My husband and I were driving.

“I wonder what my quirks are,” I said out of the blue.

My husband laughed. He’s used to my conversational style, popcorn thoughts that seem to come out of nowhere, but I’ve been pondering for awhile.

“What are mine?” he asked.

Wise man. He was trying to delay the answer.

“The key thing. . . definitely.” You see, he has a fear of keys disappearing. Very few have, but when he places a key in your hand it’s a huge act of trust. He’s confident in us in every other area, but he’s not content until that key is returned. It’s not a normal response, but one that borders on anxious.

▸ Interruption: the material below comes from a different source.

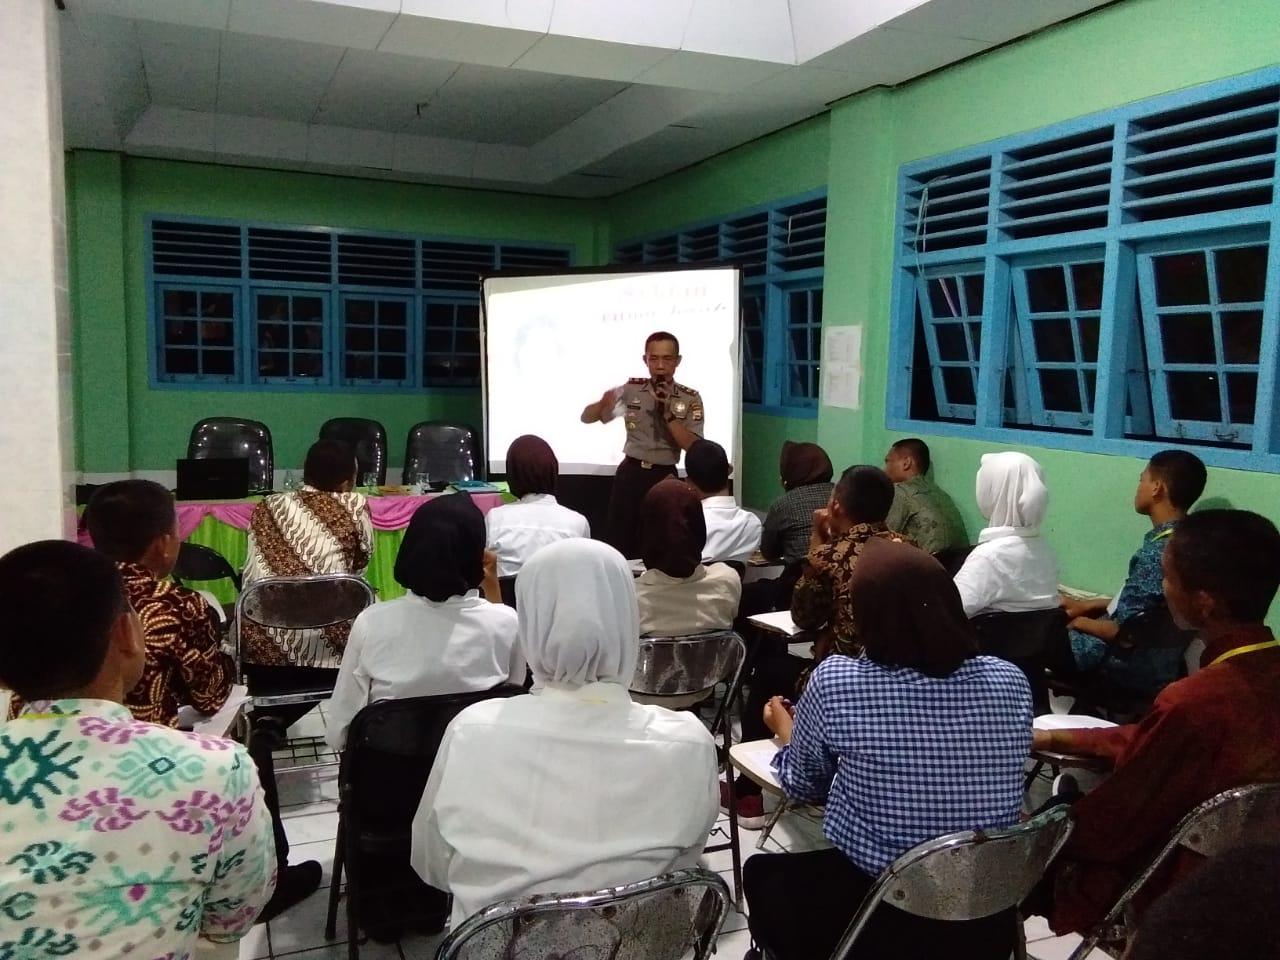 Cegah Penyalahgunaan Narkoba, Sat Binmas Polres Bengkulu Selatan Binluh Peserta Paskibraka
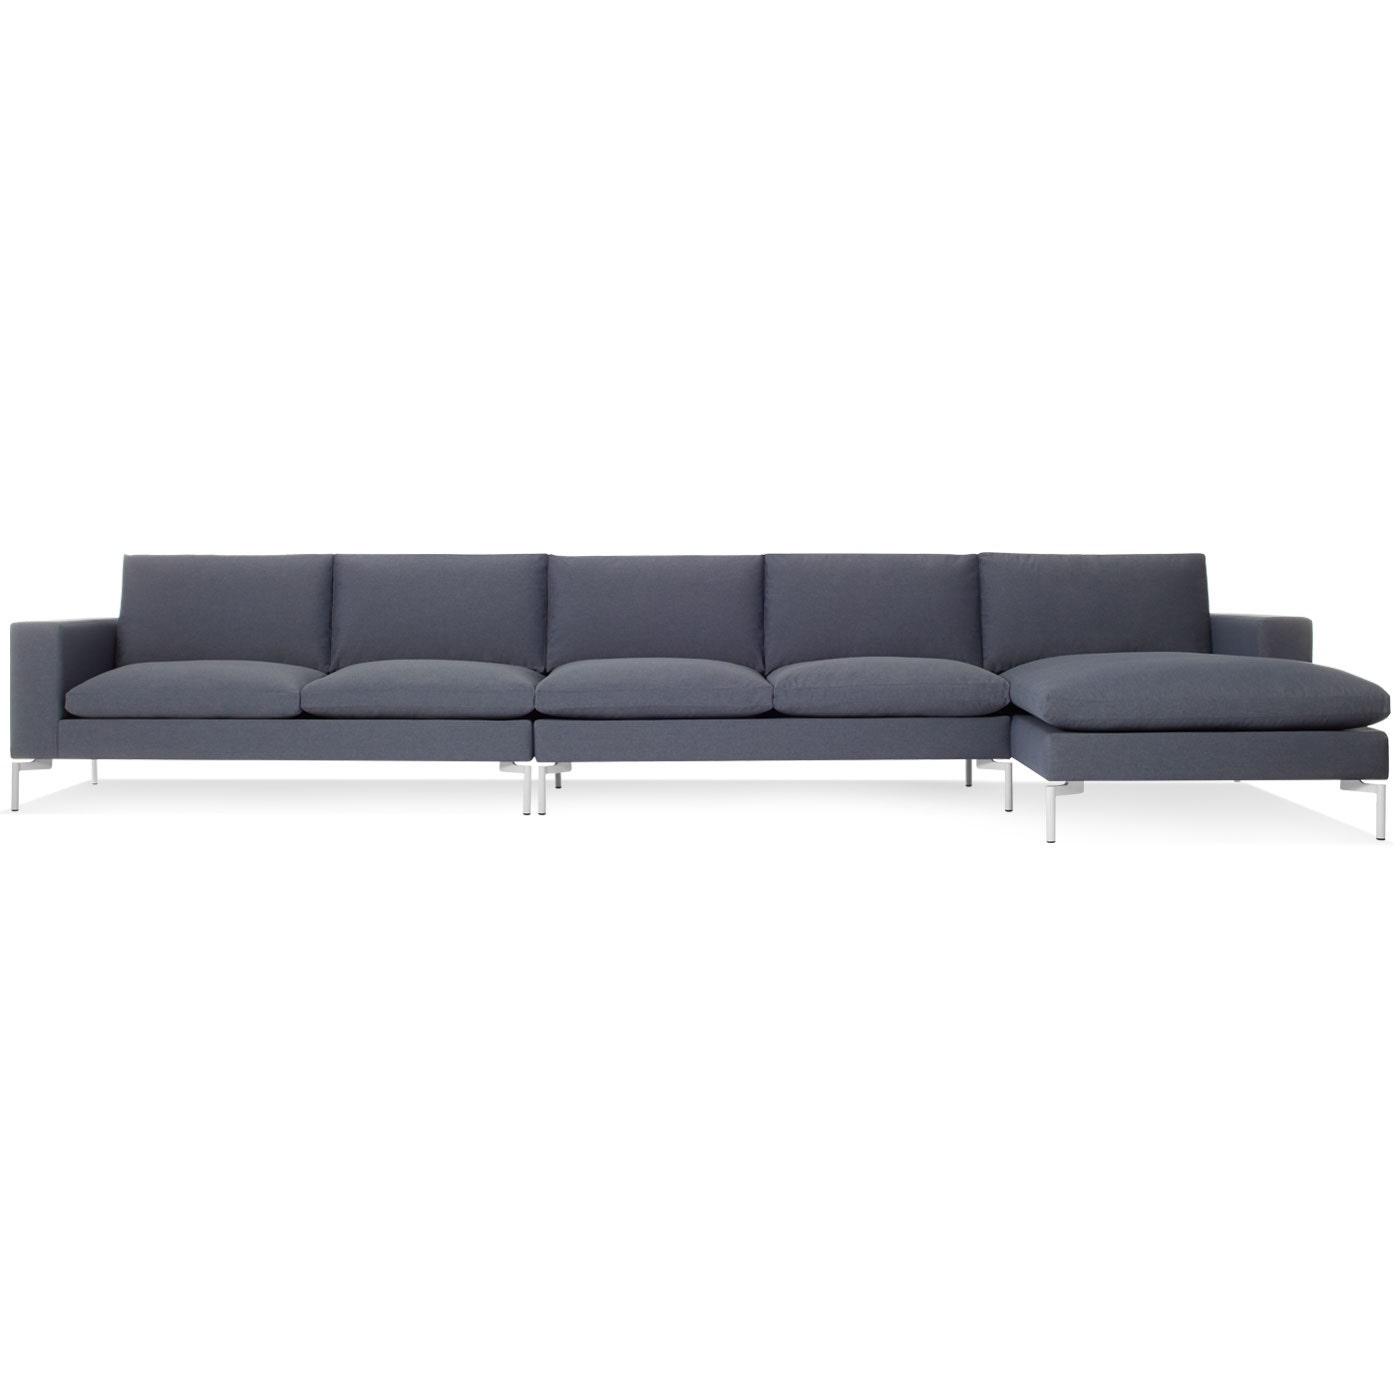 New Standard Medium Sectional Sofa Modern Sectional Sofas

It’s a quirk. He reasoned that it’s perfectly normal to worry over keys. After all, replacing a key is a big deal.

But that was my point exactly. How many quirks do I have that I find perfectly normal. I can even find excuses for or rationalize them, all the while the rest of the world sees it differently.

I’m happy with my quirks, and if the key thing is my husband’s greatest quirk then I’m a lucky girl. But how many times do we point out the faults and flaws of others, while completely oblivious to our own.

This can lead to living stuck rather than free. We’re busy pointing and blaming, even with good reason, and yet our own faults remain unaddressed.

This can happen when an abusive father marked our hearts, and yet we fail to see that our drinking is hurting our children.

It can happen when someone fails to apologize, and we let bitterness hurt our relationships with the innocent.

It’s a cycle where we exam others in such detail that our own opportunities to grow go unnoticed.

Are you ready to self-exam?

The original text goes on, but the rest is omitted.